Jesus presses on causing division among his listeners: I have other sheep that do not belong to this fold. I must bring them also, and they will listen to my voice. So there will be one flock, one shepherd. What do we think upon hearing these words? Who are the other sheep that Jesus speaks of, that do not belong to this fold, that perhaps are not even “Christian”? In the good shepherd discourse, and throughout the gospels, it is made abundantly clear that the work of gathering the one flock belongs to Jesus and the Father, from whom he receives commands, and yet who are one. 

Essential to our discipleship is to open our ears and listen for the shepherd’s voice, and then follow where it leads; and to open our hearts to other sheep and a wider more inclusive flock; to lay down our bias and judgment and yield our faith to its Source. Any person or people may participate in the porous and metabolizing maternity of Christ, and be delivered to new life under the shepherd’s faithful watchfulness, protection, and love. When Jesus says in his discourse, I am the gate, he speaks not in the singular but in the absolute: I am every gate, gateway, and passage of life. Whatever threshold you are standing at today, are about to enter, are part way through or about to exit, Christ is its gate.

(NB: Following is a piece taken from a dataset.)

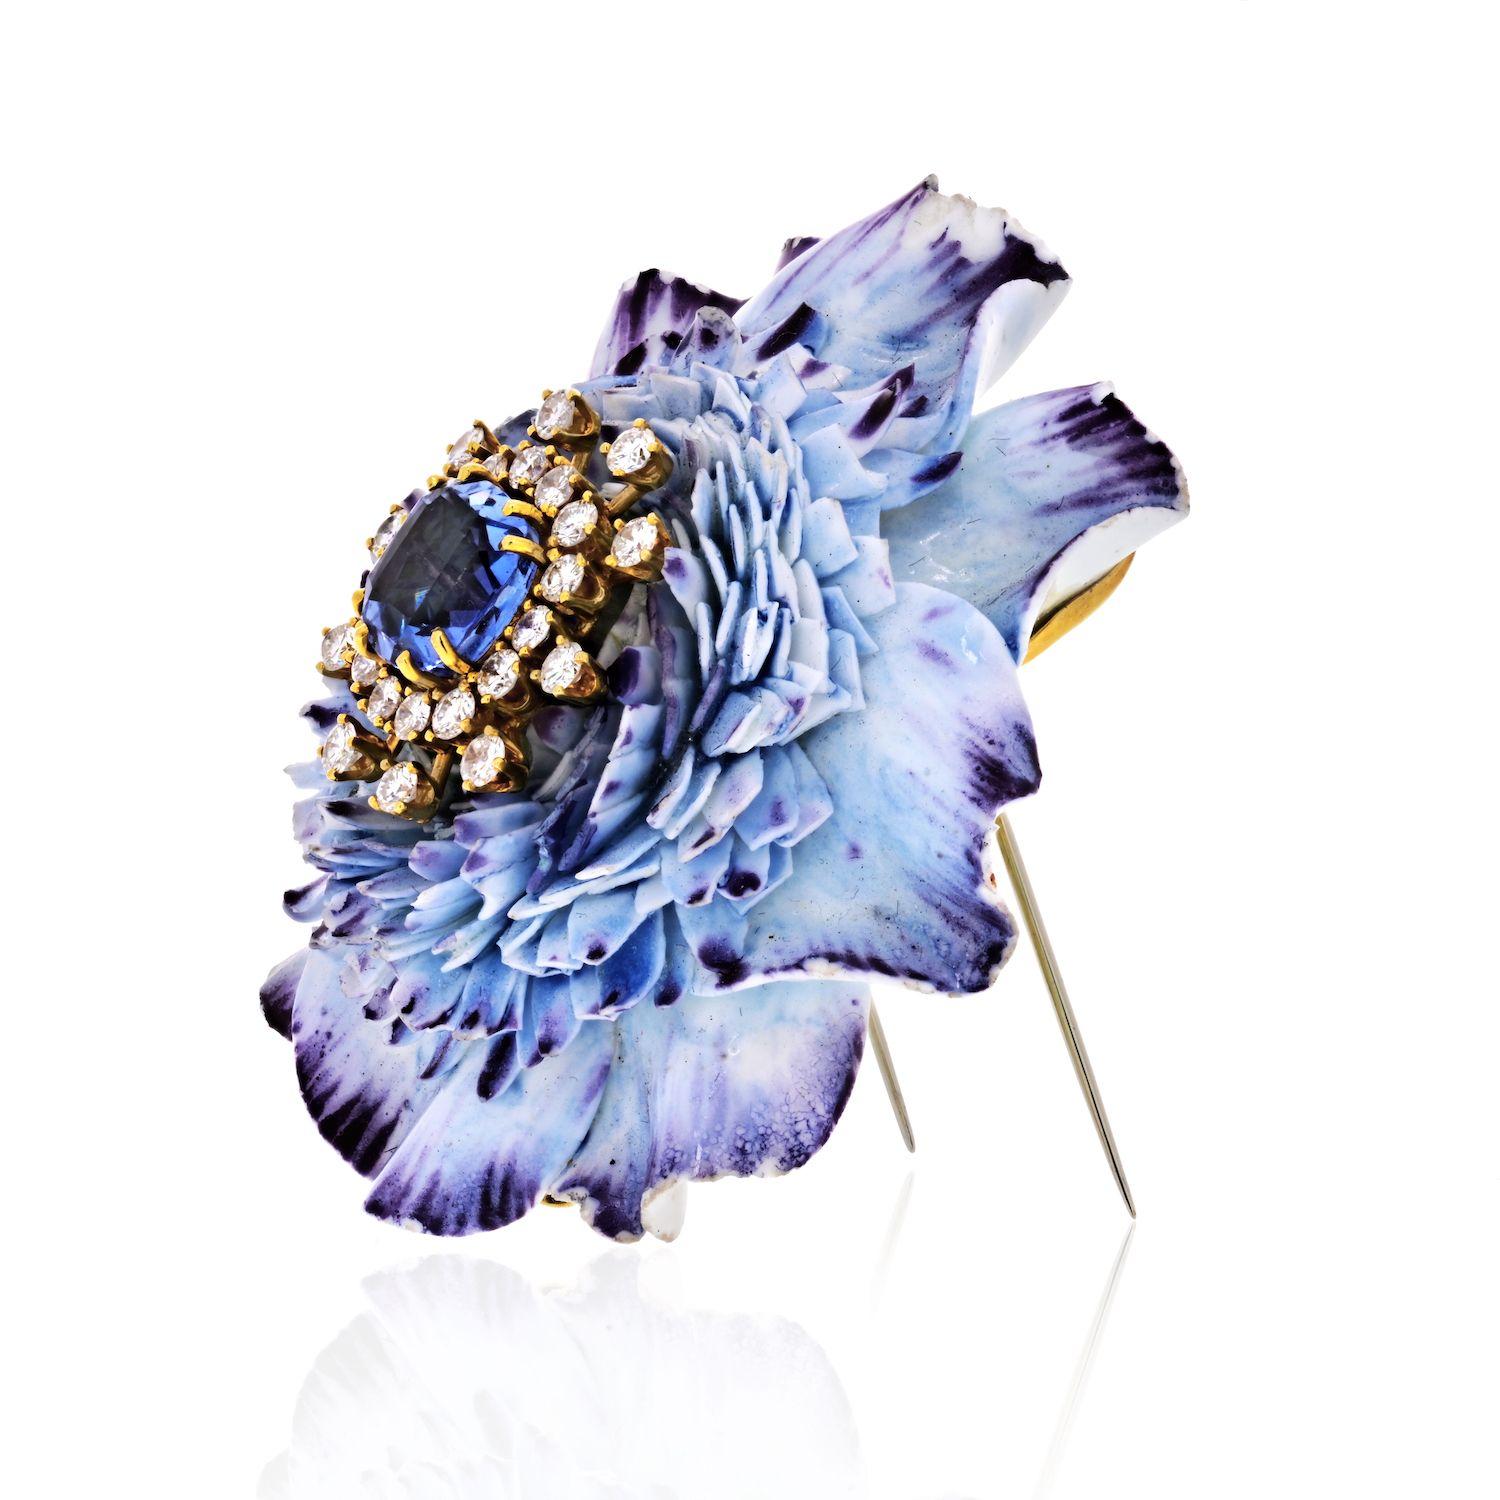 A superbly carved frosted ceramic flower with a cushion-cut sapphire in the center.  The flowerhead is embellished with diamonds and offers a beautiful glitter like effect to center sapphire. 
This brooch has a soft blue hue producing an adequate

Traditionally, the fifty day feast of Easter was called a mystagogy, meaning it was a time of deepening initiation into the paschal mysteries; from first encounter to growing understanding to intimate relationship with Jesus. We can consider that the whole of Eastertide a mystagogical gate through which we are led and delivered to the risen life of Christ.  

Lastly, the root meaning of the word “shepherd” is to feed; so may it be, O living and sustaining God, who spreads a table before us that we are fed by the body and blood of the Shepherd who is beautiful, noble, and worthy of praise. Surely goodness and mercy shall follow me all the days of my life: and I will dwell in the house of the Lord for ever.